Bad Horse • 9 months ago

learning to build and sustain large structures on orbit is critical to our next steps. That's what ISS was always about.

John E Bowen • 9 months ago

It's a worthwhile question, despite already being asked, repeatedly, from before the station was even started. There's a long list of experiments which have been run, but I'm trying a different tack, listing just two things.

"Apart from its assembly, which was a great achievement . . ." Yes. Think about the mid-term future seen in hard, i.e. "realistic" science fiction. Whether it's ice haulers from Saturn, moon miners going after aluminum, with oxygen as a by product, or whatever - how do we get to this world, uh, this solar system?

Now, there's a debate on how big a launch vehicle should be, and I'll admit I held the opinion that SLS was too big, until I saw Starship. Still, the point is, there will be some limit, some day. What then? To put it crudely, we gotta build stuff, lots of stuff. Assembly is part of manufacturing, so in that sense, building the ISS and previous stations count as beginning steps in space manufacturing. Start small, then move on. Next, Star Dock.

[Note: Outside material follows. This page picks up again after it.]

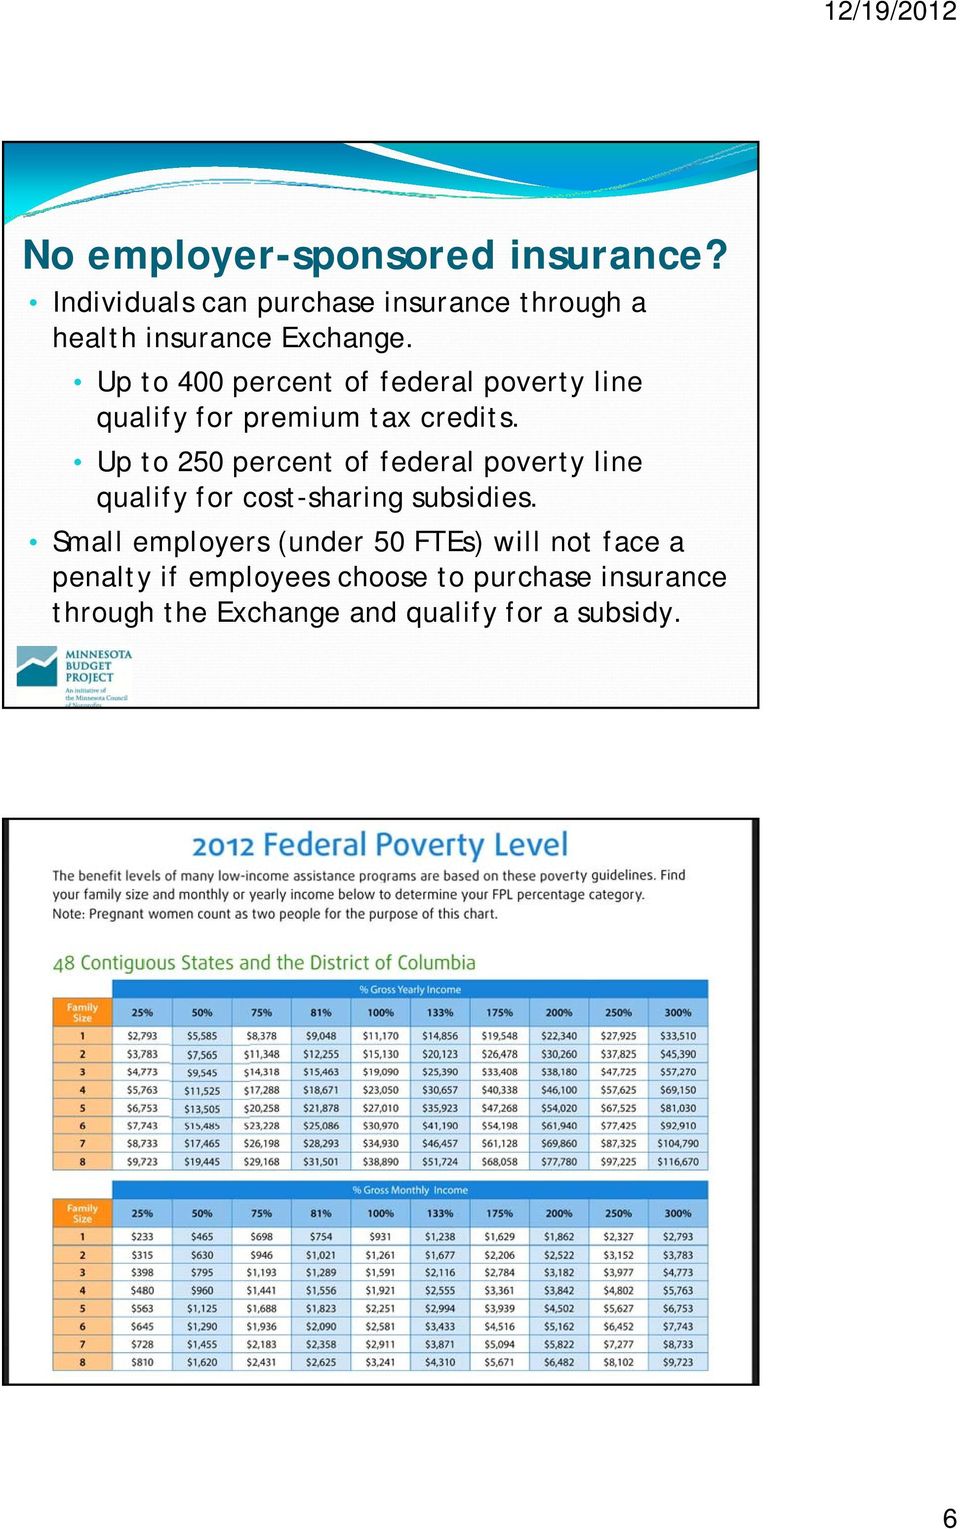 Up to 400 percent of federal poverty line qualify for premium tax credits.

The second big thing from ISS is that people learned to live and work in space in order to learn how to live and work in space. Period. There is no way to overstate the importance of this achievement. Again, small steps first.

These two are the "what" of the question, what answers did we get. Now, could the process have been managed in a faster or more cost-effective manner? Probably, though that's a separate discussion.

I think these two achievements qualify as goals met. That's not to say I'd let NASA off the hook completely. In the decades long scheme of things, the agency has had 65 years for serious answers to the gravity prescription, and has done basically doodly. Short recap: Gravity Rx questions says, we do OK at 1 g, and there are significant issues with zero g, but what about long term living at 1/6th g, or 1/3? We have nothing, nada to show for the decades gone by. I don't consider possibly more efficient fiber optics cable a reasonable substitute, cool as the experiment was. Oh, sorry for the rant. Talk about a separate discussion.

So in my humble view, the purpose of NASA is to get us moving to Moon, Mars, solar system. The rest is interesting, but not of prime importance. I realize this is not the official, or the majority, view, but that's life. :)

Richard Malcolm • 9 months ago

I think NASA could probably have done Alpha Magnetic Spectrometer as a free flyer, but not for remotely as long.

I think AMS has generated more papers than anything else on ISS.

All the various microgravity experiments that have been done...some could not have been done remotely. How much value those have is open to debate.

Richard Brezinski • 9 months ago

AMS has generated more papers because it involves by far the largest numbers of scientists from by far the largest consortium of nations, far larger than ISS itself. The real question is whether it has made worthwhile discoveries?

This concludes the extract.